Perguntas Frequentes sobre Nutrição Parenteral

O que é a nutrição parenteral (NP)?
A NP é a forma de fornecer os nutrientes através da infusão por via intravenosa. Visa atender às necessidades nutricionais de pacientes que não podem ou não conseguem receber todo o aporte de nutrientes através da via oral ou enteral.
Trata-se de uma “solução ou emulsão, composta basicamente de carboidratos, aminoácidos, lipídios, vitaminas e minerais, estéril e apirogênica, acondicionada em recipientes de vidro ou plástico, destinada à administração intravenosa em pacientes desnutridos ou não, em regime hospitalar, ambulatorial ou domiciliar, visando à síntese ou à manutenção dos tecidos, órgãos ou sistemas”.
Por serem “produtos farmacêuticos, tecnicamente obtidos ou elaborados, com finalidade profilática, curativa ou paliativa, não enquadrados nas categorias de medicamento novo, genérico, similar, biológico, fitoterápico ou notificado e cuja (s) substância (s) ativa (s), independente da natureza ou origem, não é passível de ensaio de bioequivalência, frente a um produto comparador”, a NP é classificada no grupo de “medicamentos específicos” (Artigo 3o, § 1°).
No mercado brasileiro a NP pode ser disponibilizada ao paciente, conforme a prescrição médica, de duas formas:
- NP individualizada: através da manipulação de formulações personalizadas, realizadas em farmácias especializadas em injetáveis e, com as doses precisas e indicadas para cada paciente.
- NP padronizada: fórmulas com conteúdo definido e padronizado, industrializadas e prontas para uso. Não é permitido adições e ajustes neste tipo de NP.
Portaria no 272, de 08 de abril de 1998, SNVS/ MS.

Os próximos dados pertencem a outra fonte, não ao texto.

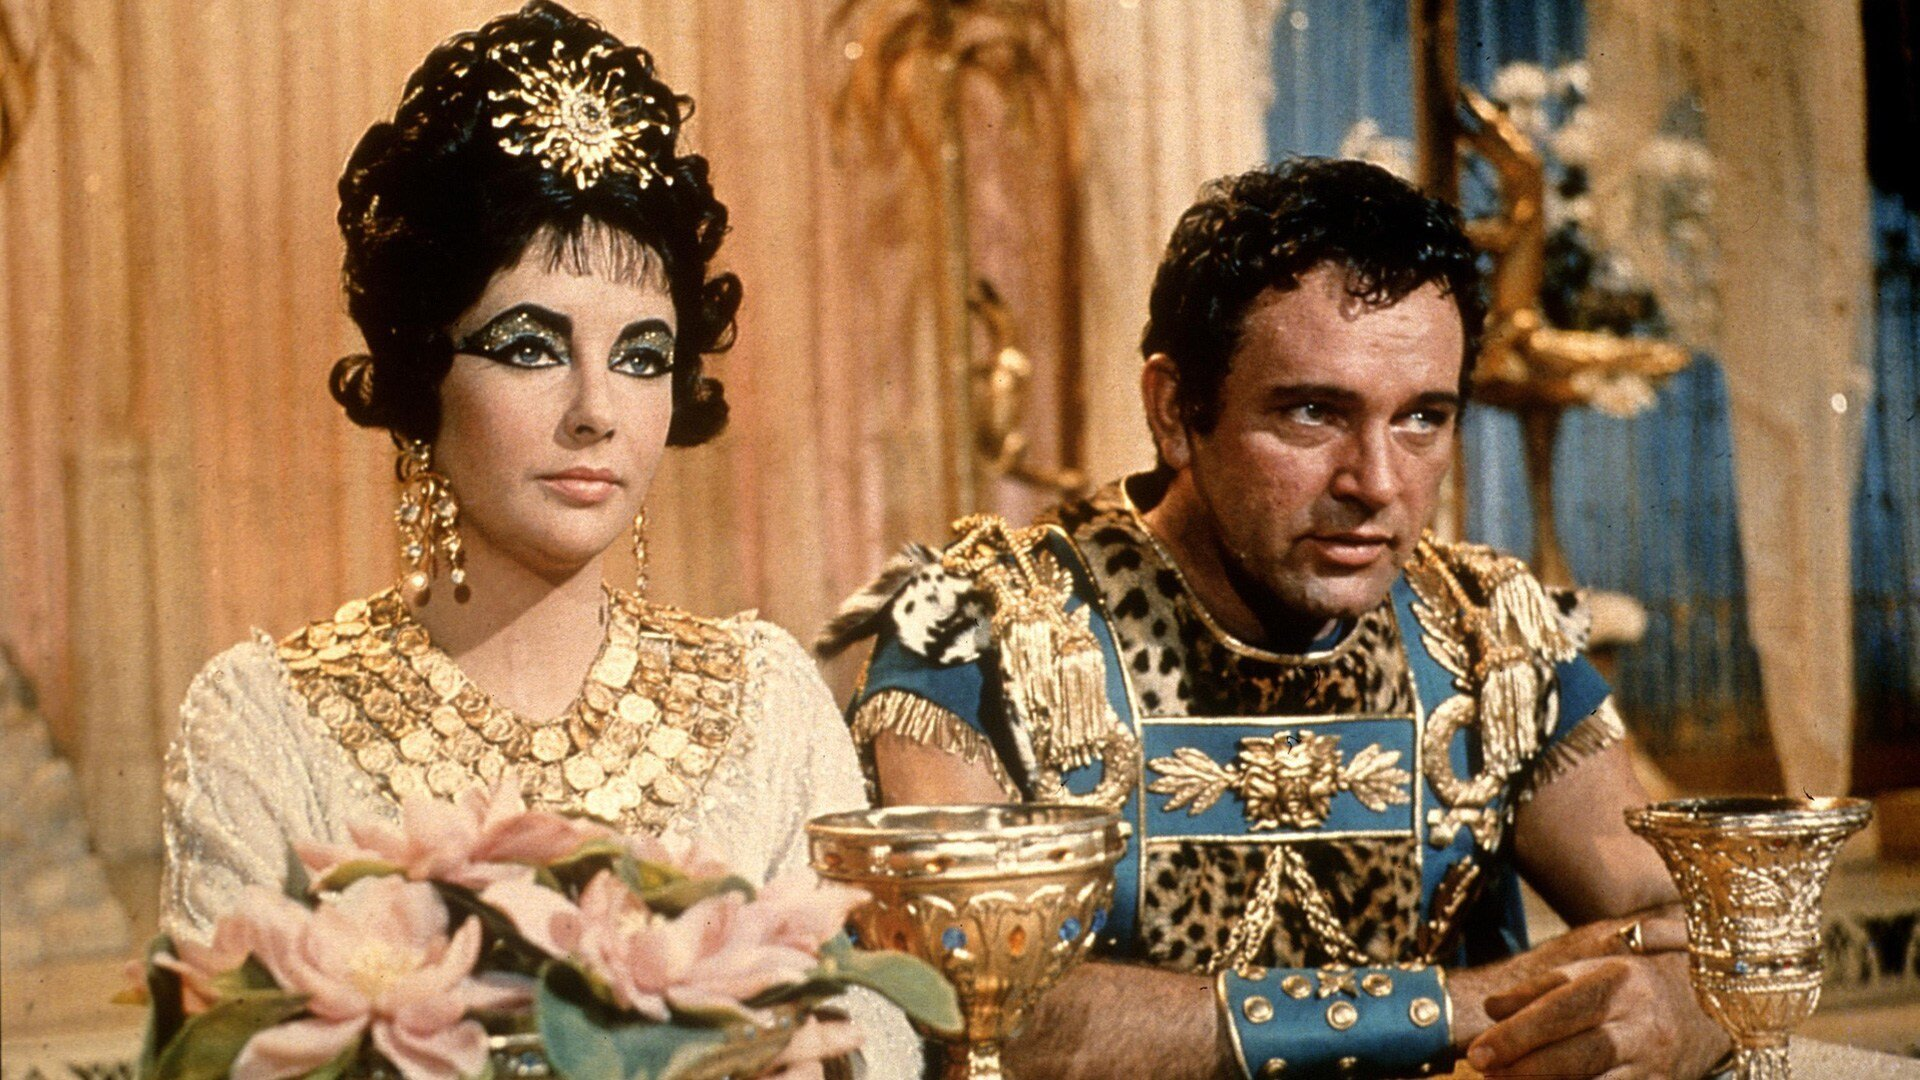 Gadot Cleopatra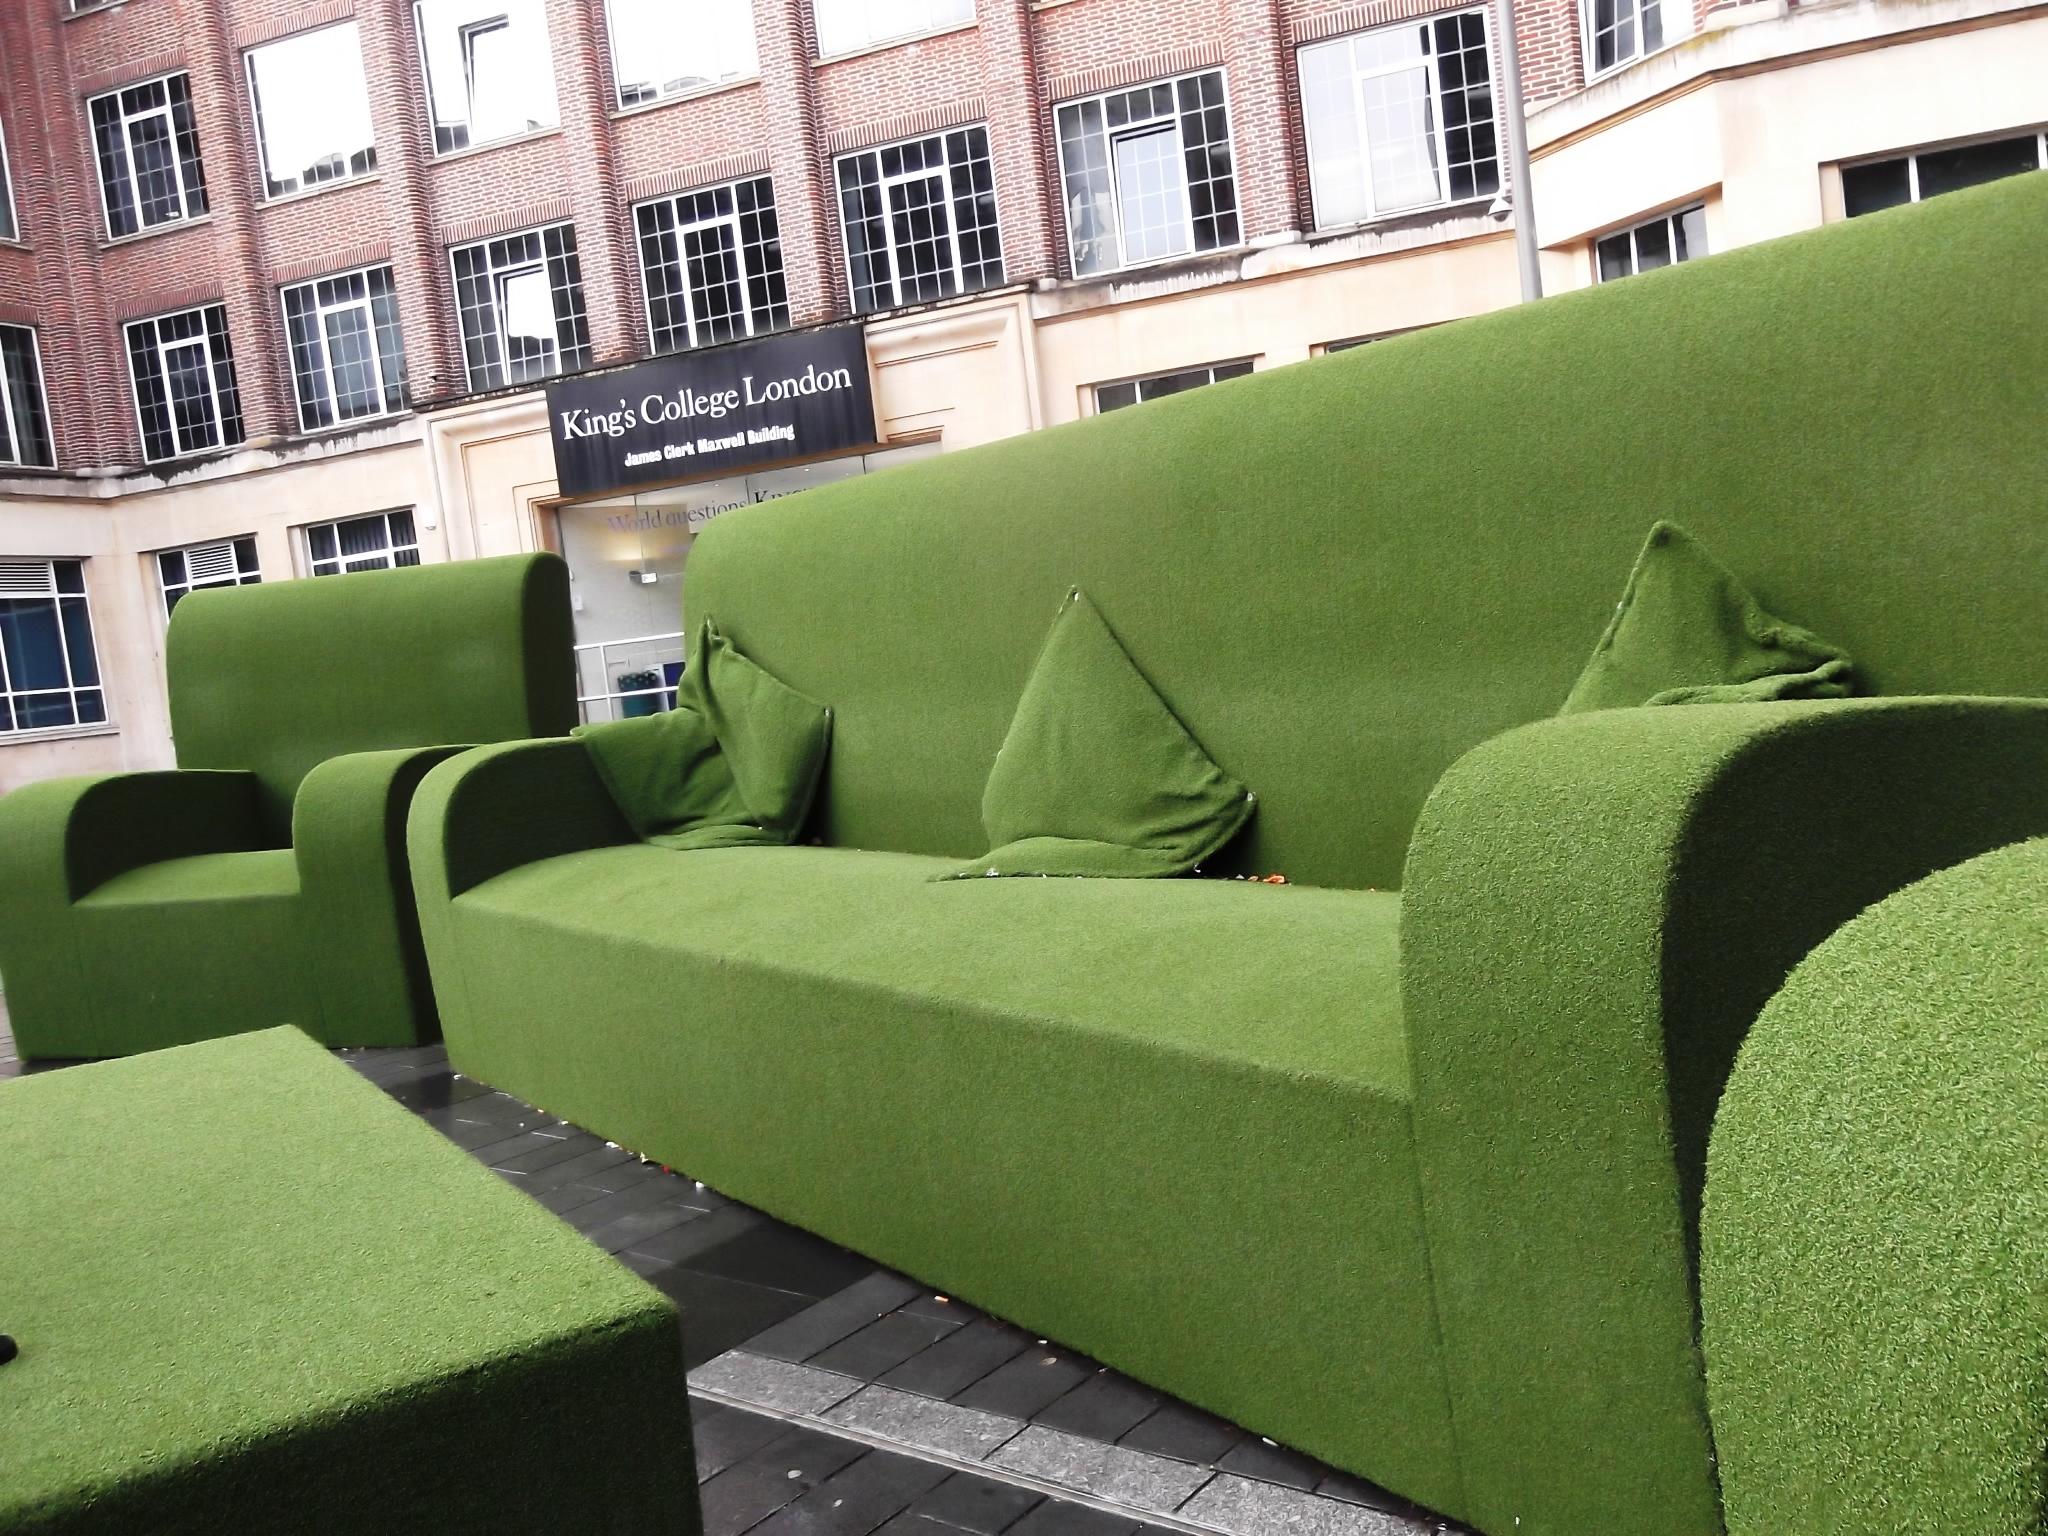 File Grass Chair London 001 JPG Wikimedia mons

BRASPEN J 2019; 34 (3): 217-232
Qual a temperatura de transporte da Nutrição Parenteral (NP) individualizada ou manipulada?
A NP manipulada deve ser transportada em recipiente térmico exclusivo, protegida da incidência de luz e calor.
O transporte deve ser realizado na faixa de temperatura de 2º a 20º C, por um período de no máximo 12 horas.
Portaria no 272, de 08 de abril de 1998, SNVS/ MS.
O que é importante observar ao receber a bolsa de NP?
A BRASPEN, em consonância com a Portaria 272/ 98, orienta para a dispensação e administração de NP, a verificação do check list abaixo.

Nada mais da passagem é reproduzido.